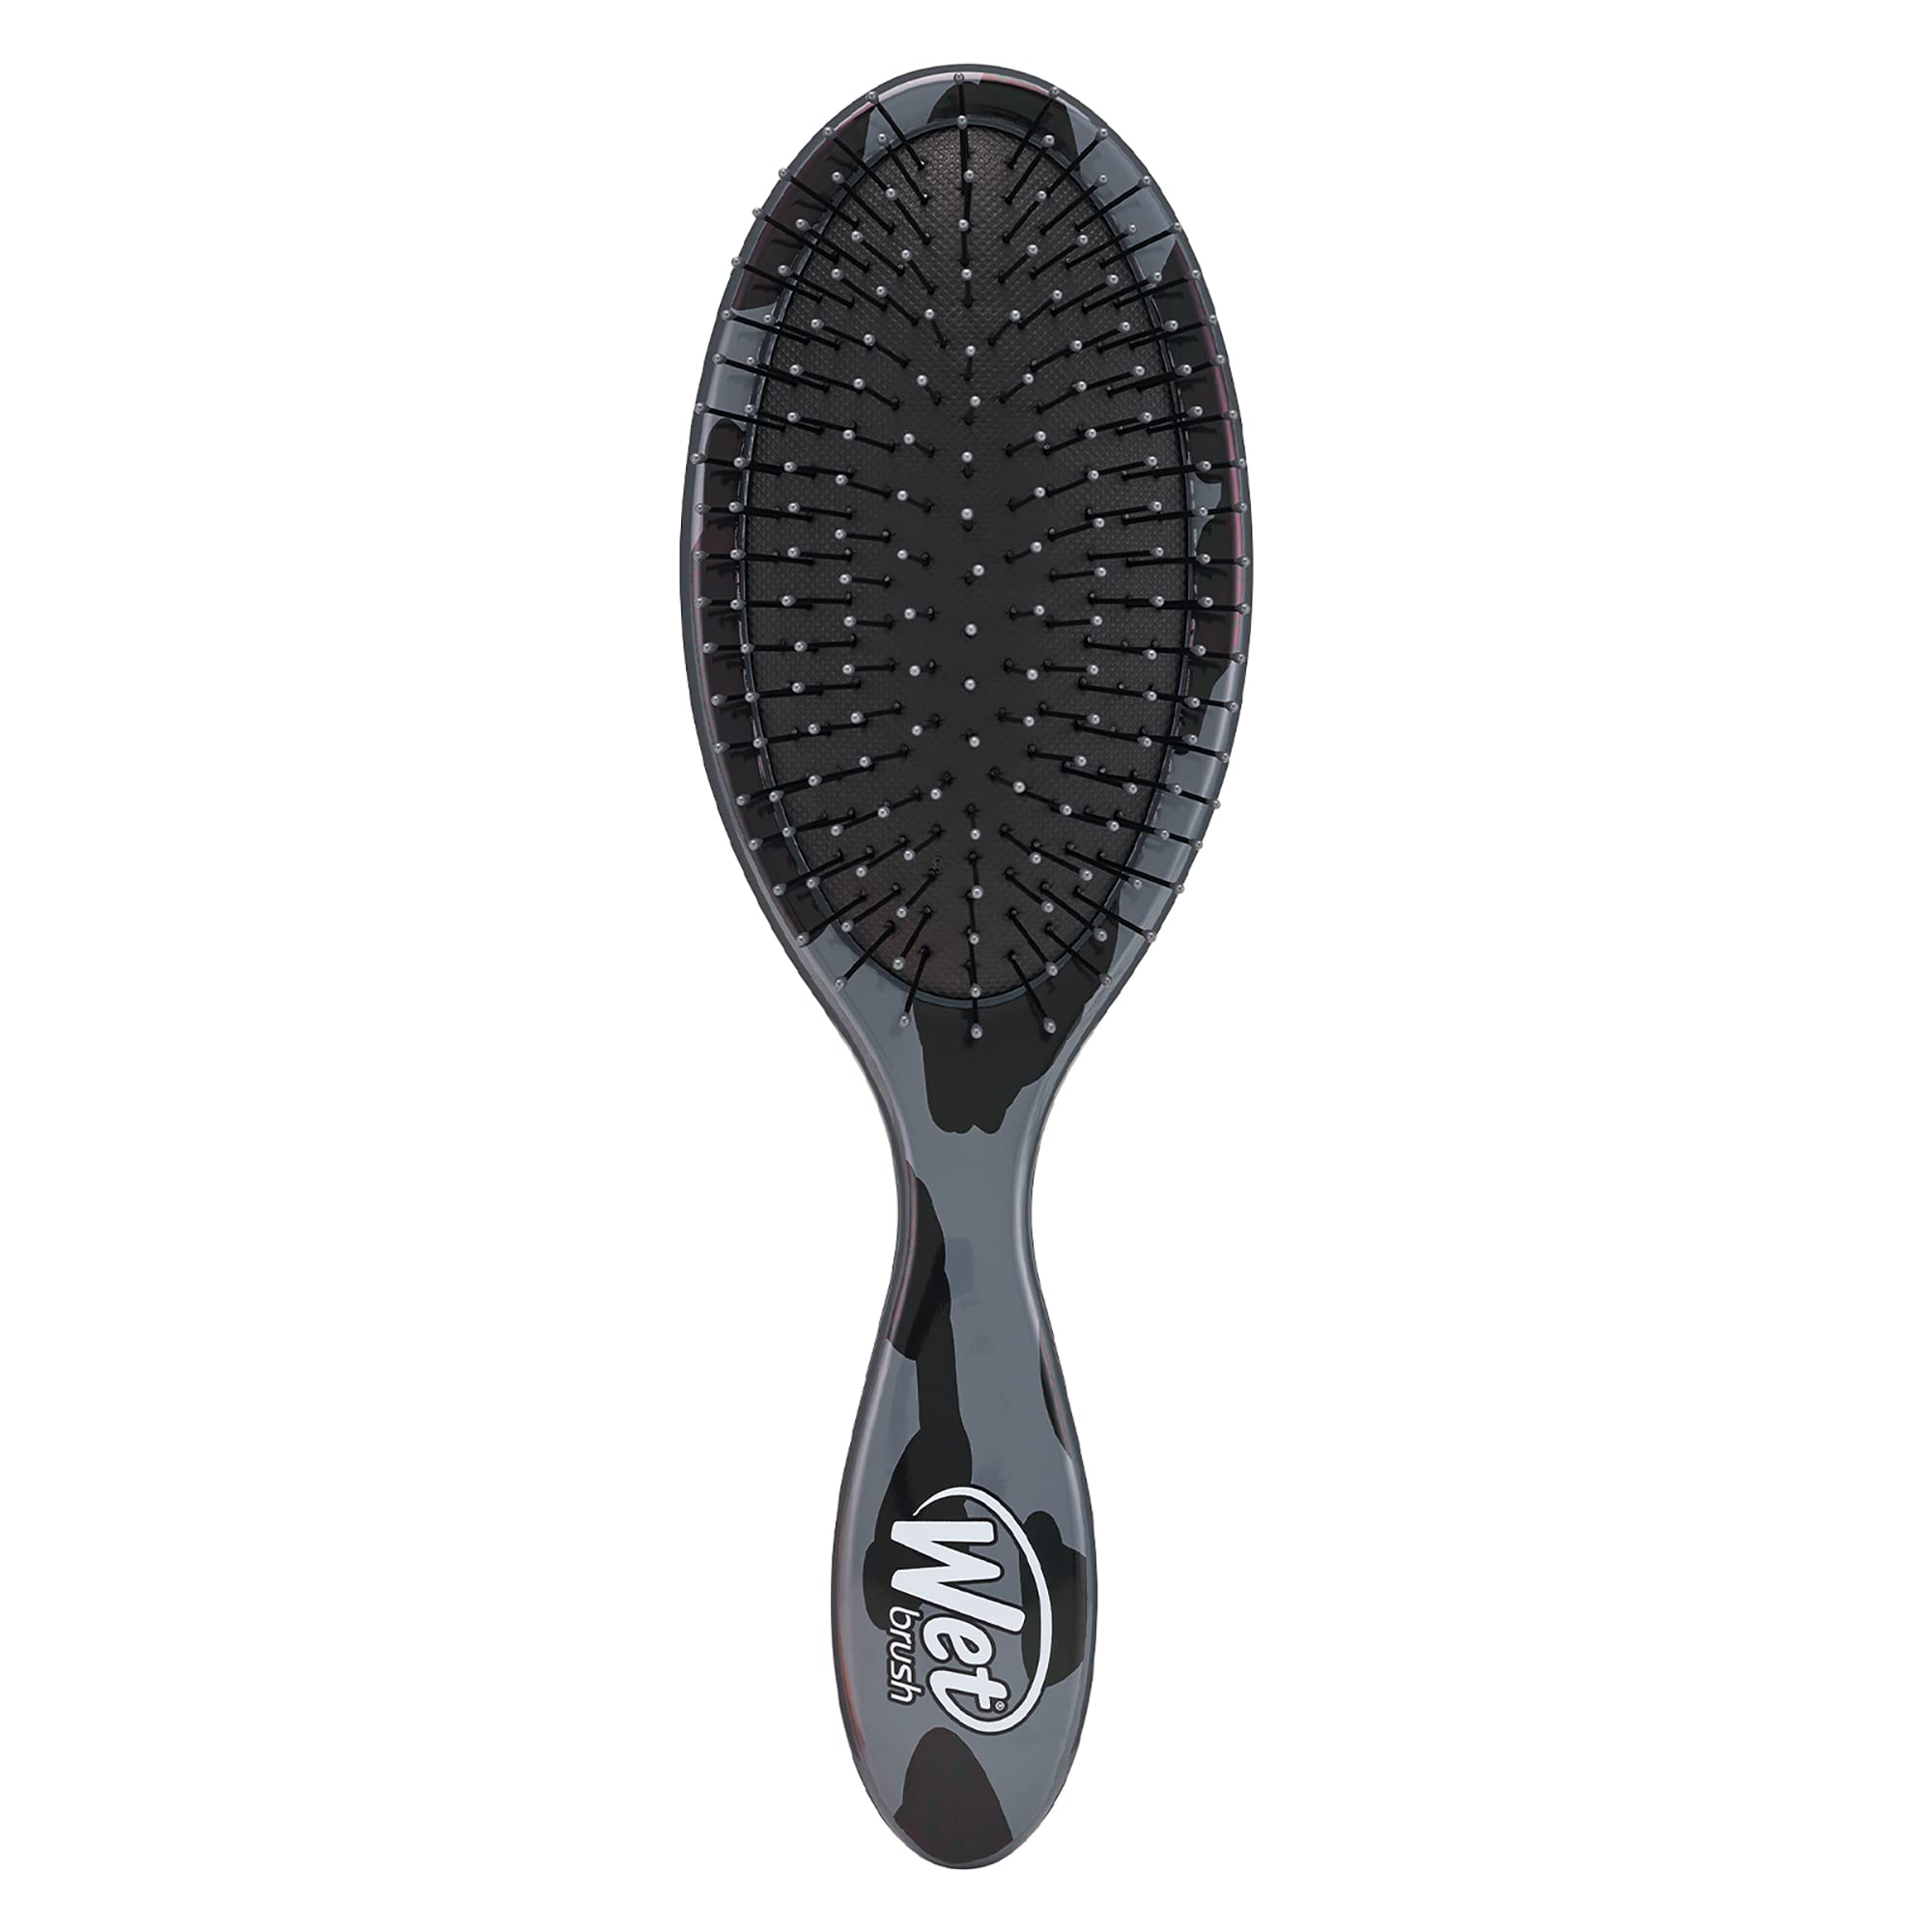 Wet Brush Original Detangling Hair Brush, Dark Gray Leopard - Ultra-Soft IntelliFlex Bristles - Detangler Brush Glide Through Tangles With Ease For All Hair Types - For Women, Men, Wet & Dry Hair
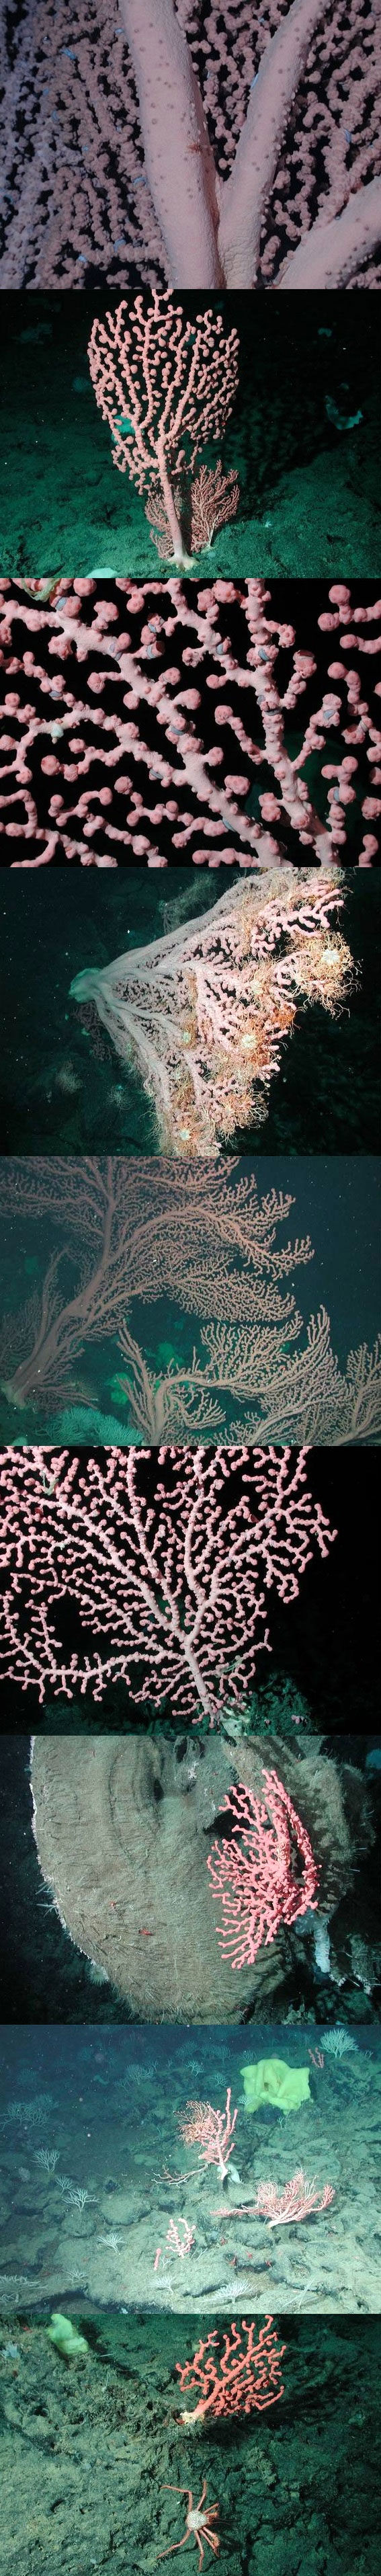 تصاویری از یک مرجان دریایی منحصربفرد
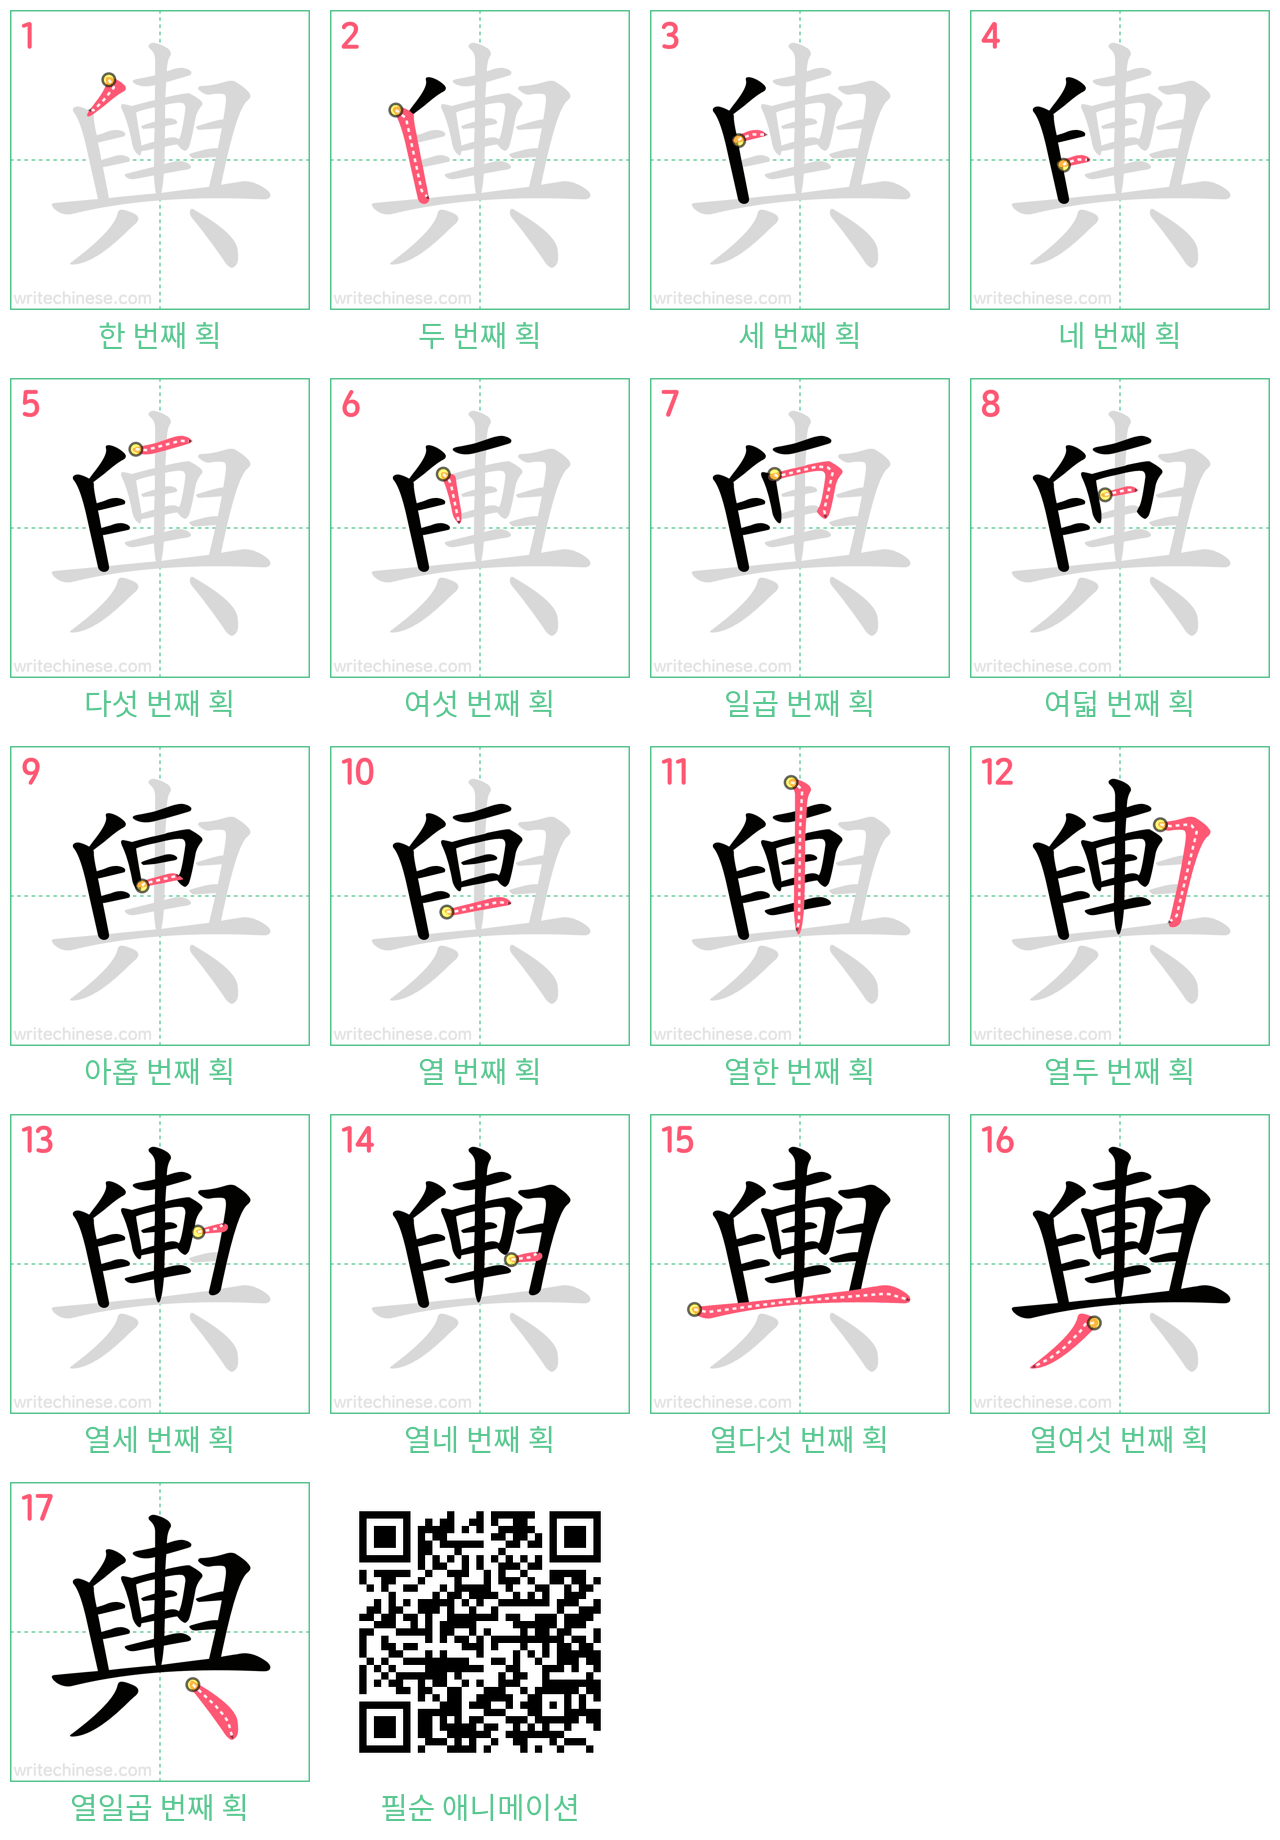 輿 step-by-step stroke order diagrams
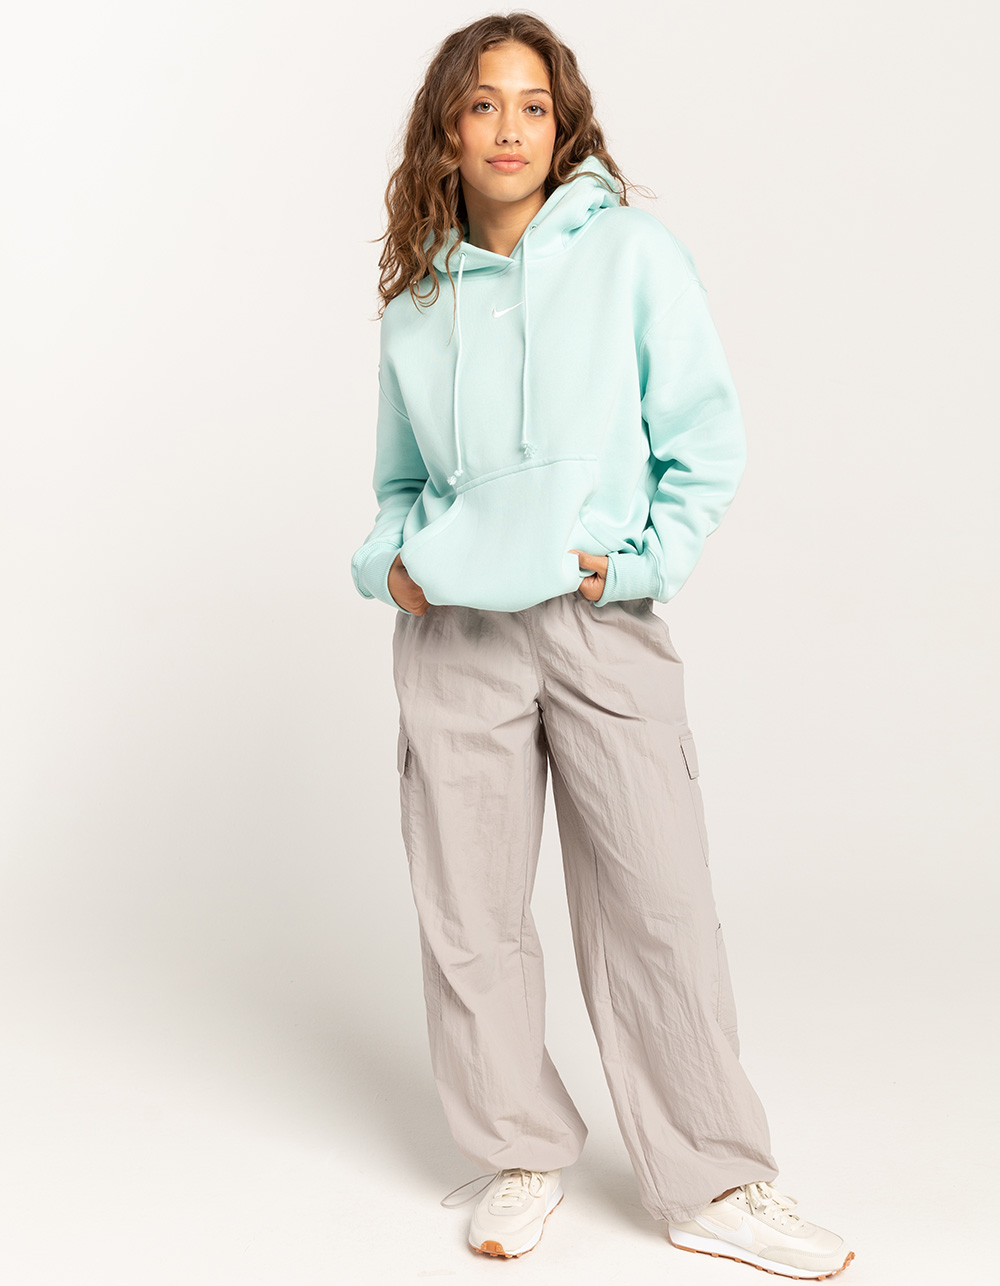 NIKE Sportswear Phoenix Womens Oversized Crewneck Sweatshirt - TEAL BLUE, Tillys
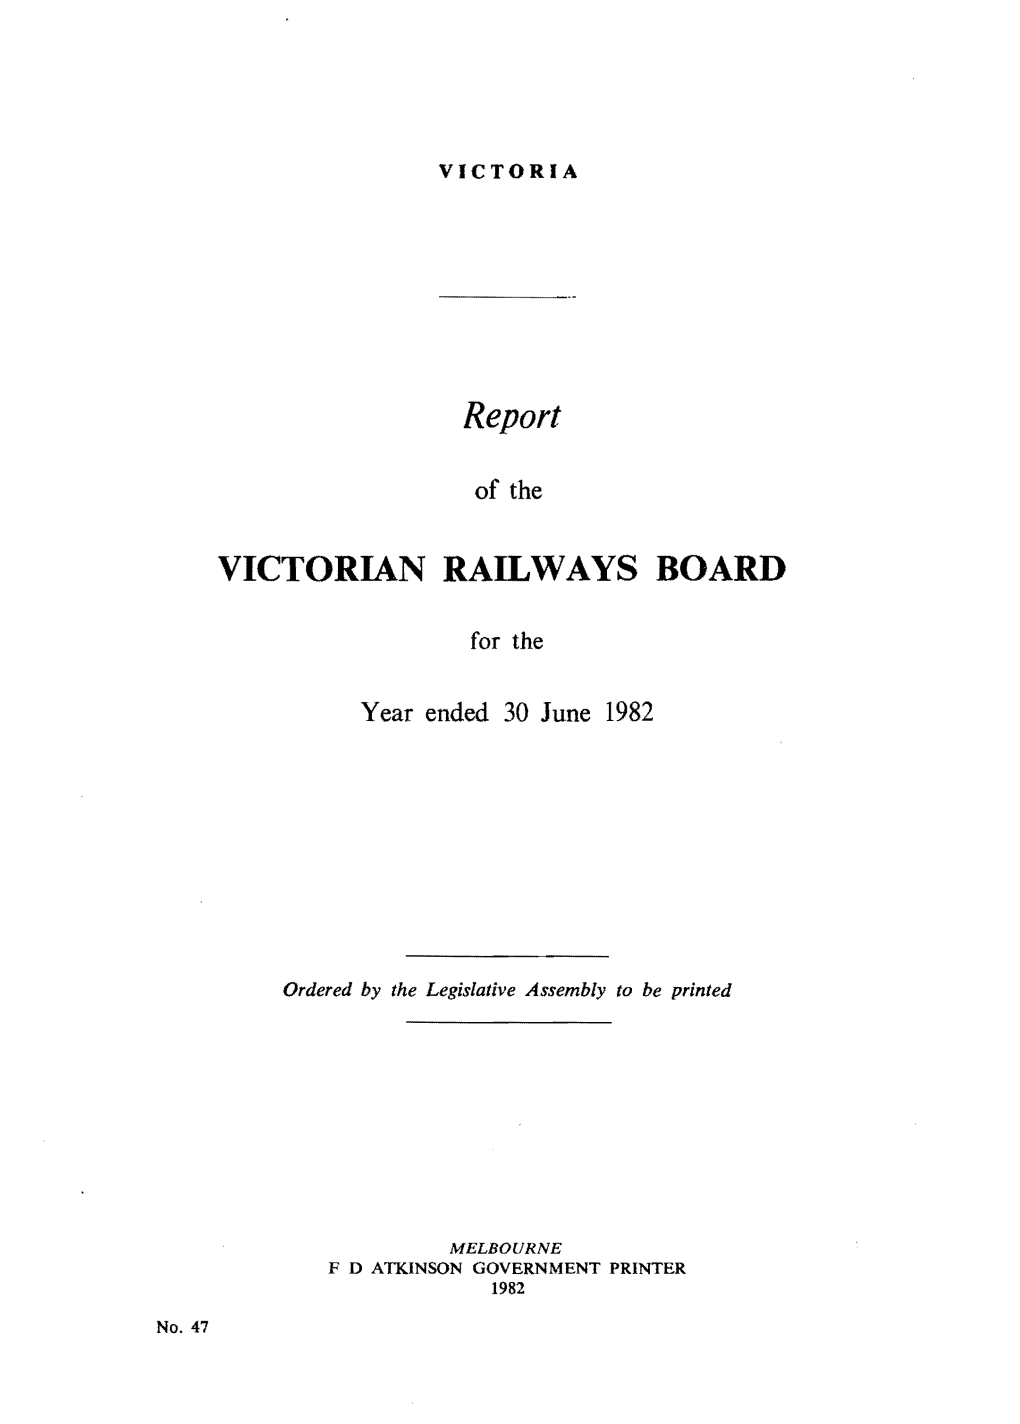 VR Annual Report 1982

_ _ _ _ _ _ _

> Exercise goal
Print all the lines above again exactly, without any pictures.

> Solution
 Wet Brush Original Detangling Hair Brush, Dark Gray Leopard - Ultra-Soft IntelliFlex Bristles - Detangler Brush Glide Through Tangles With Ease For All Hair Types - For Women, Men, Wet & Dry Hair
 تصاویری از یک مرجان دریایی منحصربفرد
 輿 step-by-step stroke order diagrams
 NIKE Sportswear Phoenix Womens Oversized Crewneck Sweatshirt - TEAL BLUE, Tillys
 VR Annual Report 1982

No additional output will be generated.